Collections / Digitisation

Europeana 280


Europeana 280 is a joint initiative by Europeana, Europe’s digital platform for cultural heritage, and the European Commission that involved the 28 European Ministries of Culture working with their national cultural institutions to select at least 10 paintings that represented their country’s contribution to Europe’s art history. The aim is to celebrate the diverse and magnificent artworks that tell a unique story of how Europe’s art heritage has evolved over time, and to show people how their country is part of a shared art heritage.


The Welsh Culture Minister has worked with the National Library of Wales to select paintings of national importance. The works the National Library has chosen to be included in the project portrays the richness of the visual history of Wales. Central to the canon of Welsh art history is, naturally, its magnificent landscape. Wales became a fashionable destination for artists during the second part of the 18th century. Peter Lord argued in his work Gwenllian: ‘…Wales was perceived by English intellectuals as a strange and ancient place with the customs, dress and language of the people belonging to another age, these qualities were considered attractive’. As part of the project we have therefore included examples of how Wales was perceived by artists during the eighteenth and nineteenth centuries in their search of the picturesque. These works include J.M.W. Turner’s ‘Dolbadarn Castle’ from 1799-1800 and James Ward’s ‘An Overshot Mill in Wales’ from 1847. We have also included a landscape by arguably the best known Welsh artist of the later 20th century Kyffin Williams and his work ‘Farmers on Glyder Fach’ from ca.1980.


The National Library of Wales’s Portrait Collection is the largest collection of Welsh portraits in the world, comprising over 65,000 items.
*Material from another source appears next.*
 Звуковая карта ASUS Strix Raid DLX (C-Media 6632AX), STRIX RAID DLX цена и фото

The portraits chosen for Europeana 280 provide a varied taste of the portraits in our collection from the Welsh artist Richard Wilson’s portrait of Catherine Jones of Colomendy from c.1740 to the portrait of the National rugby player Shane Williams by David Griffiths from 2011.


Also included is John Cambrian Rowland’s work of ‘The Bellringer of Caernarvon in Costume of Trade’. This is a fine example of a Welsh indigenous artisan painter’s work from the late 19th century. His subject of a lady in the traditional Welsh national costume is also integral to our understanding of how the country’s sense of ‘Welshness’ was formed in the 19th century. The field of Welsh art-history is constantly evolving thanks to the works of such art-historians as Peter Lord and Dr. Paul Joyner who have understood the integral role played by the Welsh artisan painters during the 18th and 19th century to the canon of Welsh Art history. By including John Cambrian Rowland’s work, we hope to highlight the need for greater attention to be given to these Welsh artisans who played an integral part in shaping our nation’s visual history.
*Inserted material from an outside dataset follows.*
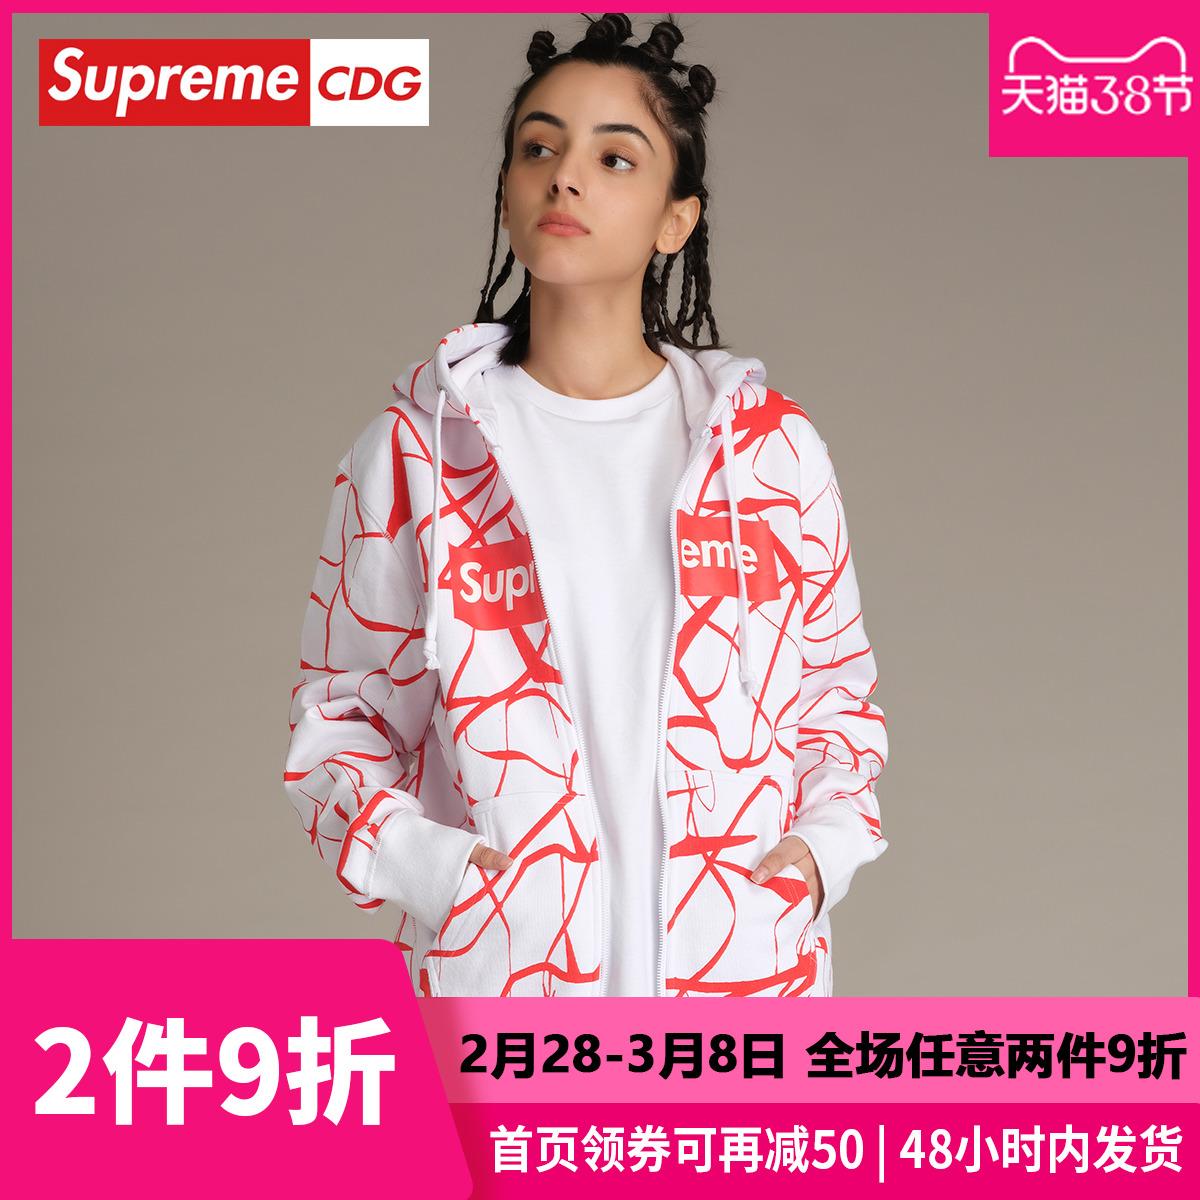 Supreme CDG 2020年春季新款男女同款个性字母印花休闲连帽卫衣

As they are internationally acclaimed artists the works ‘Vase of Flowers’ by Gwen John from ca.1910 and ‘Studio with Gloves’ by Shani Rhys James from 1993 have also been included in this project. Shani Rhys James’s thought-provoking work ‘Studio With Gloves’ is a fine example of how Welsh art is constantly evolving to incorporate new and dynamic ways of thinking.


The 280 artworks will form a special collection in the new Europeana Art History Channel, which brings together Europe’s most influential paintings, illuminated manuscripts and lithographs, and provide visitors with high quality works highlighting how Europe is united through culture. The collection will be searchable alongside other relevant material from Europe’s libraries, archives, museums, and audio-visual collections and integrated into the Europeana platform.



Morfudd Bevan

Assistant Art Curator

Posted - 24-08-2016 No Comments

Collections / Digitisation

Kyffin Williams, ‘The Gathering, Farmers on Glyder Fach’
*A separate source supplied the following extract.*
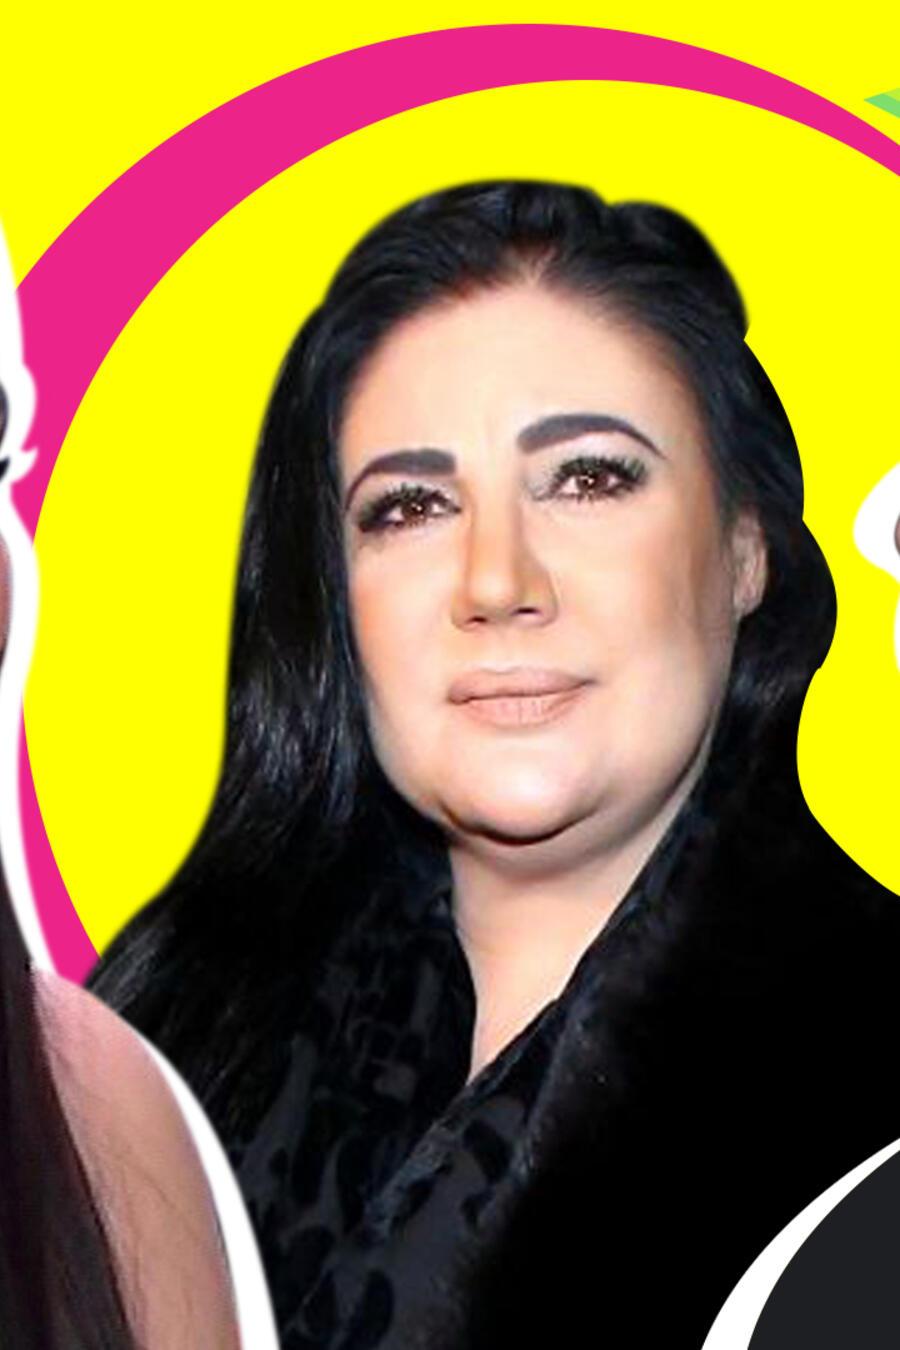 JoséJoel vs Sarita y Alejandra Ávalos

Kyffin Williams stated that this was one of the greatest works he ever painted. It depicts one of his favourite scenes of famers with their sheepdogs gathered on top of the snowy Glyder Fach mountain in north Wales under an atmospheric sky.

‘Kyffin’ as he was popularly known was arguably the best known Welsh artist of the later 20th century and as art historian Dr Gareth Lloyd Roderick stated he is in a popular sense the ‘national’ painter of Wales. He was made Royal Academician in 1973.

His use of a thick oil paint heavily applied onto the canvas with his palette knife was typical of Kyffin’s style and became iconographic. Through this unique application of paint one felt an intense energy flowing from his work. Kyffin Williams stated in his memoir ‘Across the Straits’ that his life aim was to record the land and the people of his childhood in Anglesey and north-west Wales. He was truly an expressionist painter and stated that the best works he created were when he allowed himself to be ‘…swept away into a fever of excuberance or even anger, the better the final result has been; while conscious thought has invariably brought disaster’. As an epileptic he felt an intense obsession to paint and was therefore a prolific painter- completing up to three paintings a week. One may also assume that the artists’ struggle with depression played its part in his works as well. Kyffin stated that there is a ‘…a seam of melancholy that is within most Welshmen, a melancholy that derives from the dark hills, the heavy clouds and the enveloping sea mists’.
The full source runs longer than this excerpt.